Jeanne d'Arc
de Colette Beaune

critiqué par Francois Sarindar, le 16 avril 2014
( - 66 ans)


La note:  étoiles
Jeanne la Pucelle thématisée
Comment comprendre Jeanne si on ne refait d'abord l'histoire des mentalités au XVe siècle, et si on ne la resitue dans l'univers symbolique qui permet de mieux la positionner "intellectuellement, spirituellement et matériellement" dans la seconde partie de la guerre de Cent Ans ? Qui mieux que Colette Beaune, déjà auteure d'une célèbre Naissance de la Nation France (1985), pouvait aborder Jeanne sous cet angle ?
Si l'on veut comprendre pourquoi l'on s'évertua à dire que la jeune fille fut une Bergère quand on sait fort bien qu'elle ne le fut pas mais que cela devait être présenté ainsi dans l'ordre des symboles par un renvoi allusif mais riche de sens à la mythologie davidique, il ne faut pas manquer de lire ces pages. Si elle a jamais gardé des troupeaux, ce furent plus sûrement des bovins que des ovins, et encore par tour très espacé d'accompagnement au pâturage du cheptel de l'ensemble des villageois. Et si l'on veut avoir le fin mot de l'histoire sur l'importance de la virginité pour une prophétesse en action, c'est que l'on doit comprendre que les auditeurs de la jeune femme avaient besoin de réalité concrète et de la faire passer par un examen corporel qui devait, en vérifiant ses dires, authentifier le bien-fondé de ses requêtes, et valider sa mission aux yeux des partisans de Charles VII qu'elle appela le Dauphin tant qu'il ne fut pas sacré en la cathédrale de Reims. Et si on voyait en elle la réalisatrice et "l'actualisatrice" de prophéties anciennes, c'est que l'on a dû plier l'Histoire à cette rumeur et à cette réputation largement répandues avant que Jeanne ne se manifestât, cela afin de faire correspondre le profil de la Pucelle au portrait de l'envoyée du Ciel censée réparer les maux dont souffrait le royaume, ou du moins la partie de celui-ci restée fidèle aux Valois.
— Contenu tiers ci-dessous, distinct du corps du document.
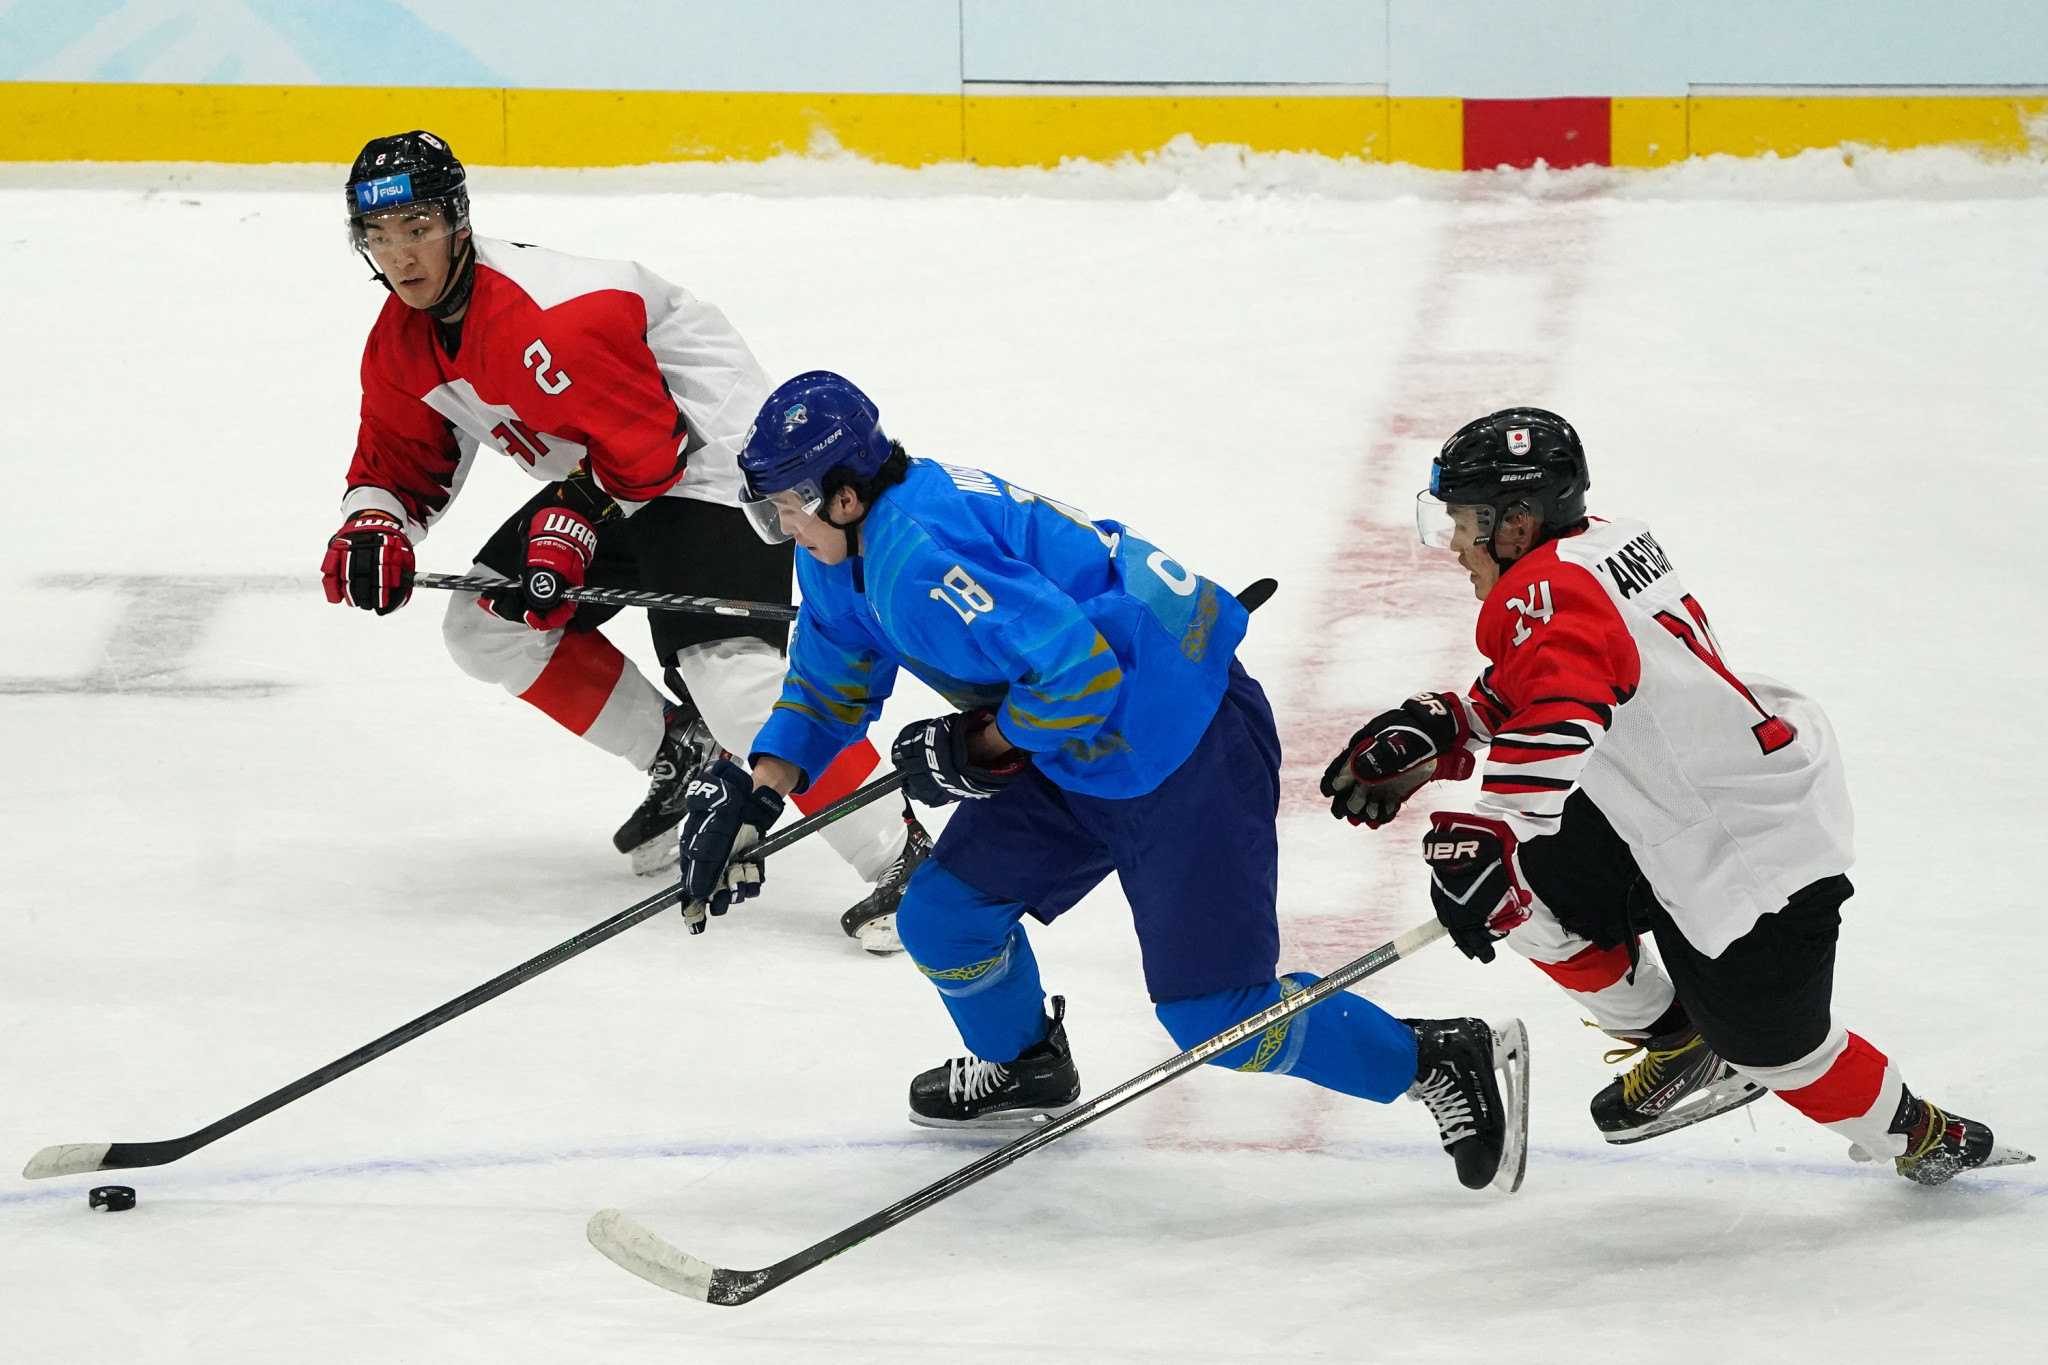 Kazakhstan won the bronze medal following an 8-1 mauling of Japan ©FISU

Et Colette Beaune aborde ainsi tous les thèmes qui renvoient aux images fabriquées du vivant même de Jeanne ainsi qu'aux traits essentiels de sa personnalité, mais aussi à ce qui a pu servir à ses accusateurs à la juger comme à ses "partisans" à justifier son action. Où l'on découvre aussi que Jeanne porteuse d'armure ne fut pas la seule femme de guerre active en son temps : un certain nombre de cas sont cités à l'appui de cette démonstration ; toutefois, Jeanne focalisa sur elle, d'un côté un fort courant de sympathie, voire de vénération, et de l'autre fut vouée à l'exécration et regardée comme un instrument du mal. Chacun la jugeait selon l'appartenance à tel ou tel camp, tous cependant, même les chroniqueurs bourguignons, lui reconnaissaient du courage et une force de persuasion dans l'action.
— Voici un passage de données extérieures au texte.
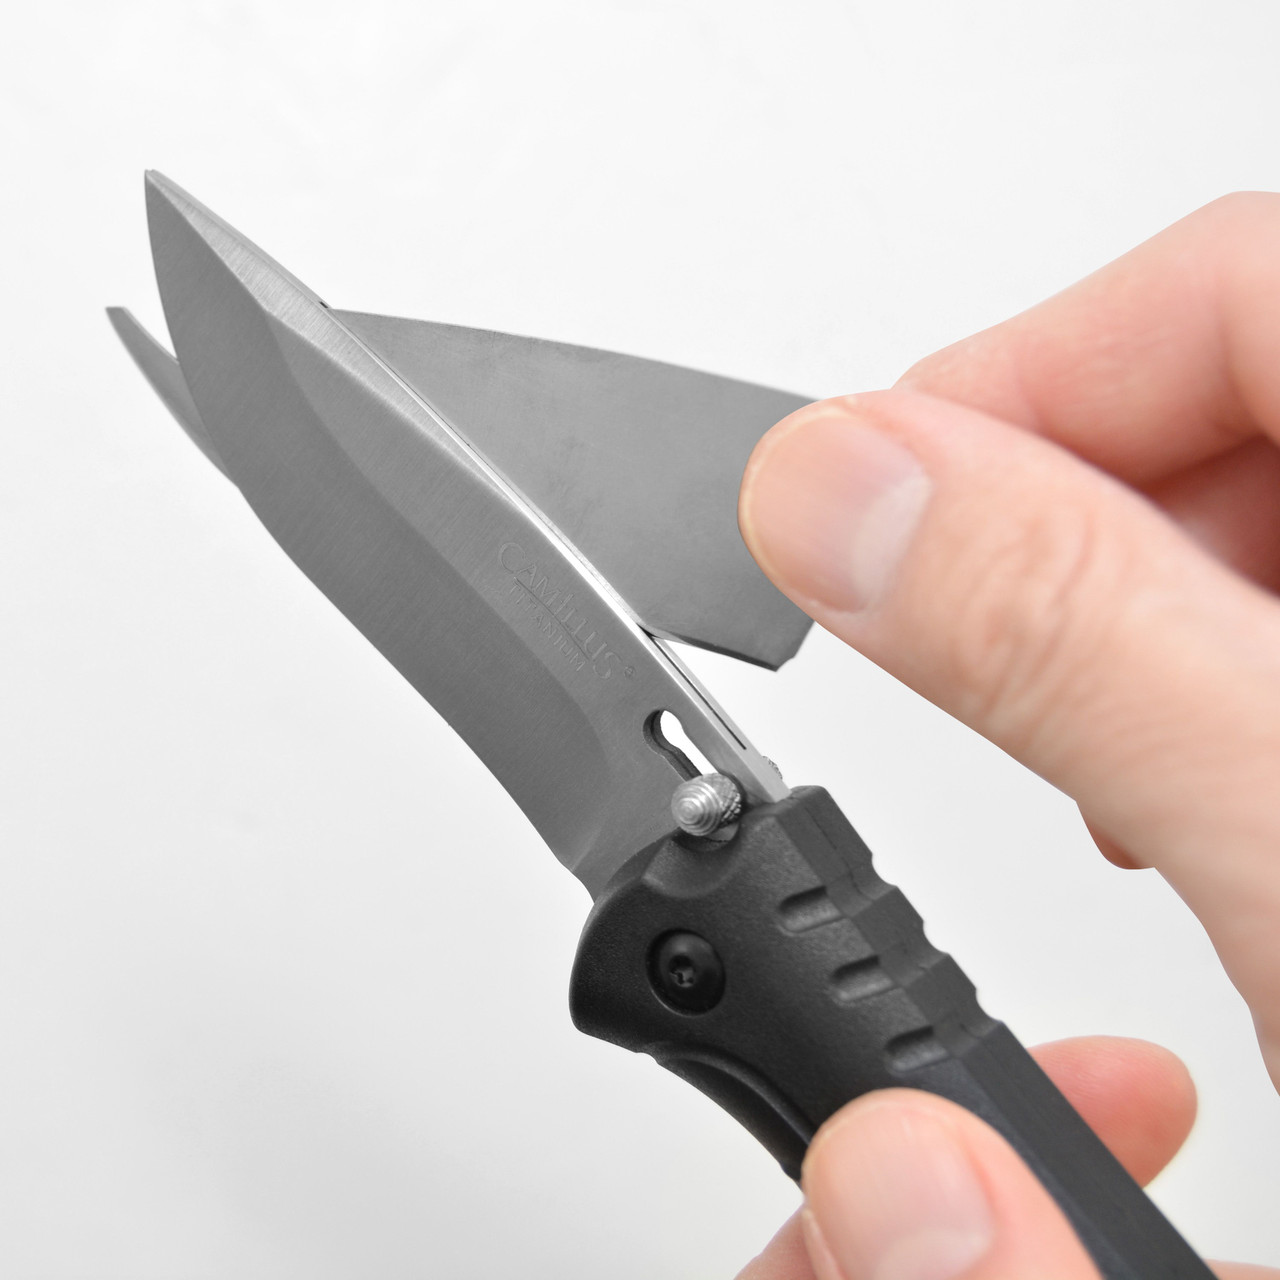 Camillus Tigersharp 8" Fixed Blade Knife

Il y a donc un travail de fond sur la manière dont les choses ont été perçues des deux côtés de la barrière.
Le tout n'empêche nullement Colette Beaune de faire entre de gros chapitres thématiques et analytiques un bref rappel biographique et chronologique, étape après étape, ce qui donne à l'ensemble une grande cohérence et fait de ce travail un véritable ouvrage de référence.
On peut compléter sa lecture par celle des articles écrits ici et là par Françoise Michaud-Fréjaville.
Ajoutons-y : Jeanne d'Arc, vérités et légendes, ouvrage écrit pour rétablir, tout aussi bien que l'a fait
Olivier Bouzy avec sa "Jeanne d'Arc, l'Histoire à l'endroit", la réalité historique factuelle face aux inventions des "mythographes".